Department of Community Medicine and Rehabilitation, Physiotherapy, Umeå University, Umeå, Sweden.
Department of Physiotherapy, College of Health Sciences, University of Sharjah, Sharjah, United Arab Emirates.
J Neuroeng Rehabil. 2021 Apr 16;18(1):64. doi: 10.1186/s12984-021-00857-9.
Robotic-Assisted Gait Training (RAGT) may enable high-intensive and task-specific gait training post-stroke. The effect of RAGT on gait movement patterns has however not been comprehensively reviewed. The purpose of this review was to summarize the evidence for potentially superior effects of RAGT on biomechanical measures of gait post-stroke when compared with non-robotic gait training alone.
Nine databases were searched using database-specific search terms from their inception until January 2021. We included randomized controlled trials investigating the effects of RAGT (e.g., using exoskeletons or end-effectors) on spatiotemporal, kinematic and kinetic parameters among adults suffering from any stage of stroke. Screening, data extraction and judgement of risk of bias (using the Cochrane Risk of bias 2 tool) were performed by 2-3 independent reviewers. The Grading of Recommendations Assessment Development and Evaluation (GRADE) criteria were used to evaluate the certainty of evidence for the biomechanical gait measures of interest.
Thirteen studies including a total of 412 individuals (mean age: 52-69 years; 264 males) met eligibility criteria and were included. RAGT was employed either as monotherapy or in combination with other therapies in a subacute or chronic phase post-stroke. The included studies showed a high risk of bias (n = 6), some concerns (n = 6) or a low risk of bias (n = 1). Meta-analyses using a random-effects model for gait speed, cadence, step length (non-affected side) and spatial asymmetry revealed no significant differences between the RAGT and comparator groups, while stride length (mean difference [MD] 2.86 cm), step length (affected side; MD 2.67 cm) and temporal asymmetry calculated in ratio-values (MD 0.09) improved slightly more in the RAGT groups. There were serious weaknesses with almost all GRADE domains (risk of bias, consistency, directness, or precision of the findings) for the included outcome measures (spatiotemporal and kinematic gait parameters). Kinetic parameters were not reported at all.

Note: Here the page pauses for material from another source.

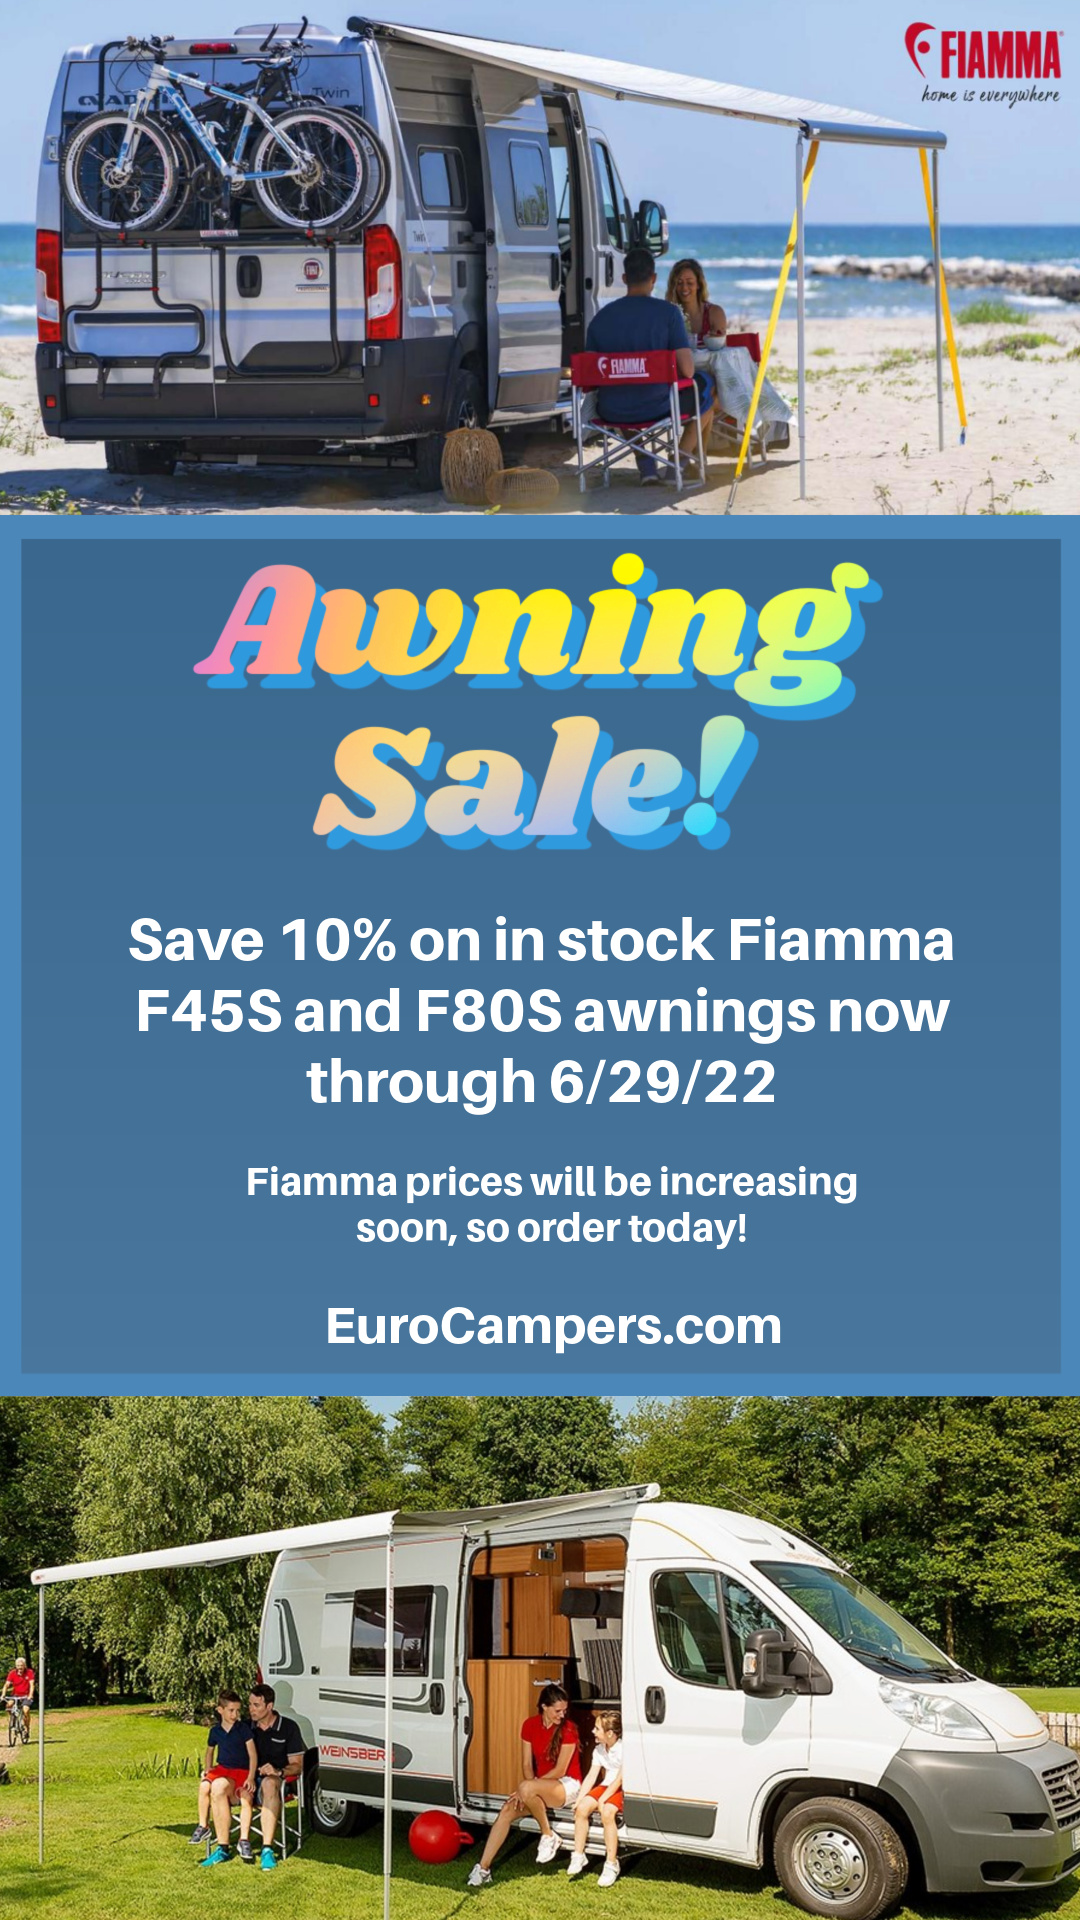 EuroCampers Fiamma Awning Sale

There were few relevant studies and the review synthesis revealed a very low certainty in current evidence for employing RAGT to improve gait biomechanics post-stroke. Further high-quality, robust clinical trials on RAGT that complement clinical data with biomechanical data are thus warranted to disentangle the potential effects of such interventions on gait biomechanics post-stroke.
机器人辅助步态训练(RAGT)可能使中风后能够进行高强度和特定任务的步态训练。然而,RAGT 对步态运动模式的影响尚未得到全面综述。本综述的目的是总结 RAGT 对中风后步态生物力学测量指标的潜在优势,与单独使用非机器人步态训练相比。
使用特定数据库的搜索词,从各数据库建立起对其进行搜索,直到 2021 年 1 月。我们纳入了随机对照试验,这些试验研究了 RAGT(例如,使用外骨骼或末端效应器)对任何阶段中风成人的时空、运动学和动力学参数的影响。两名或三名独立评审员进行了筛选、数据提取和偏倚风险评估(使用 Cochrane 偏倚风险 2 工具)。使用推荐评估、制定与评价(GRADE)标准来评估对生物力学步态测量指标的证据确定性。
共有 13 项研究,总计 412 名参与者(平均年龄:52-69 岁;264 名男性)符合入选标准。RAGT 用于亚急性期或慢性期中风后,或单独使用,或与其他疗法联合使用。纳入的研究存在高偏倚风险(n=6)、存在一些关注(n=6)或低偏倚风险(n=1)。使用随机效应模型进行的 meta 分析,分析了步态速度、步频、非患侧步长和空间不对称的结果,发现 RAGT 组和对照组之间没有显著差异,而 RAGT 组的步长(均值差[MD]2.86cm)、患侧步长(MD2.67cm)和以比值计算的时间不对称性(MD0.09)略有改善。纳入的所有结局指标(时空和运动学步态参数)都存在几乎所有 GRADE 领域(偏倚风险、一致性、直接性或研究结果的准确性)的严重缺陷。动力学参数根本没有报告。
相关研究很少,综述综合结果表明,当前关于使用 RAGT 改善中风后步态生物力学的证据确定性非常低。因此,需要进一步开展高质量、稳健的 RAGT 临床试验,将生物力学数据与临床数据相结合,以厘清此类干预措施对中风后步态生物力学的潜在影响。